◆ MATERIAL SUPPLIED
──────────────────────────────
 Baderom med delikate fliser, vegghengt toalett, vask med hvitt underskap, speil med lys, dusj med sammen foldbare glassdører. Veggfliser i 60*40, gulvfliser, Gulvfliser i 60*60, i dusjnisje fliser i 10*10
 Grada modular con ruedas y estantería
──────────────────────────────
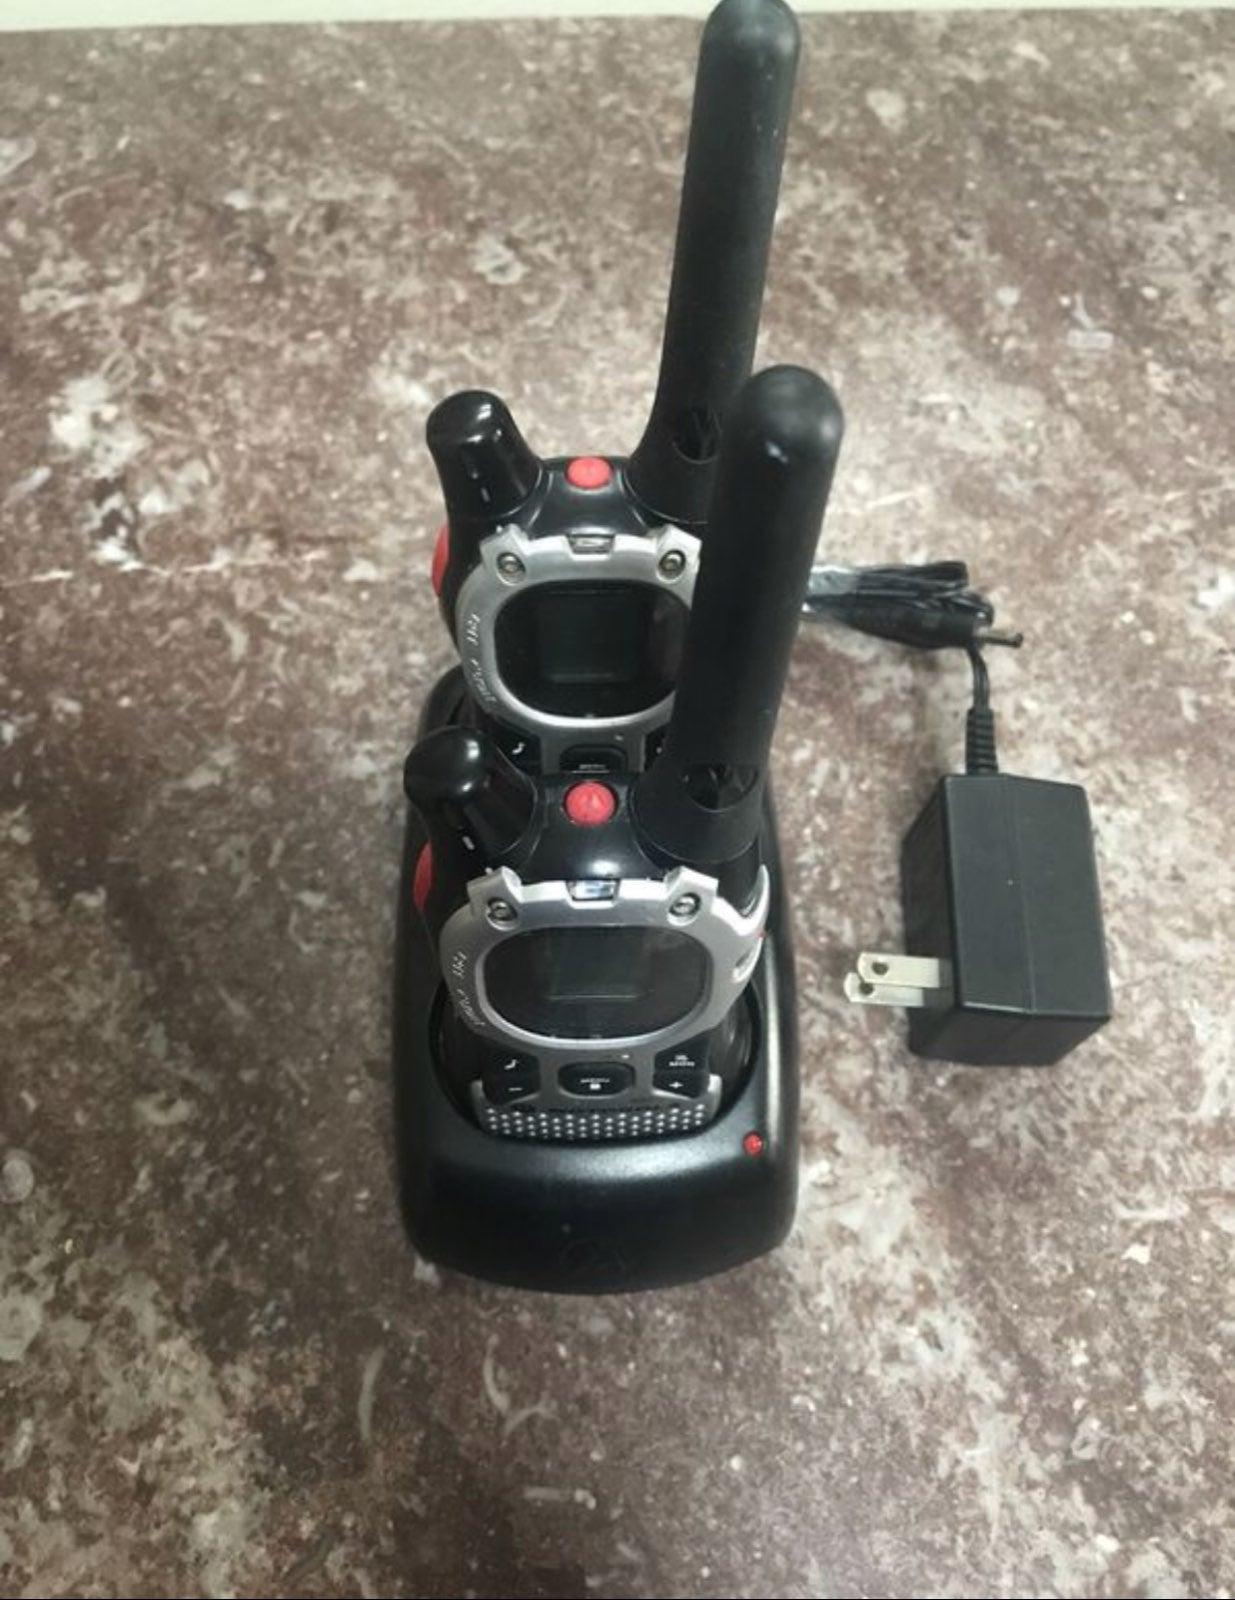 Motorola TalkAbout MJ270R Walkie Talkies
──────────────────────────────
Above are the records. Copy the lines beginning at the one that has "Baderom med delikate" and ending with the one that has "Grada modular con ruedas y estantería", unchanged.

◆ REPLY TO THE EXERCISE
 Baderom med delikate fliser, vegghengt toalett, vask med hvitt underskap, speil med lys, dusj med sammen foldbare glassdører. Veggfliser i 60*40, gulvfliser, Gulvfliser i 60*60, i dusjnisje fliser i 10*10
 Grada modular con ruedas y estantería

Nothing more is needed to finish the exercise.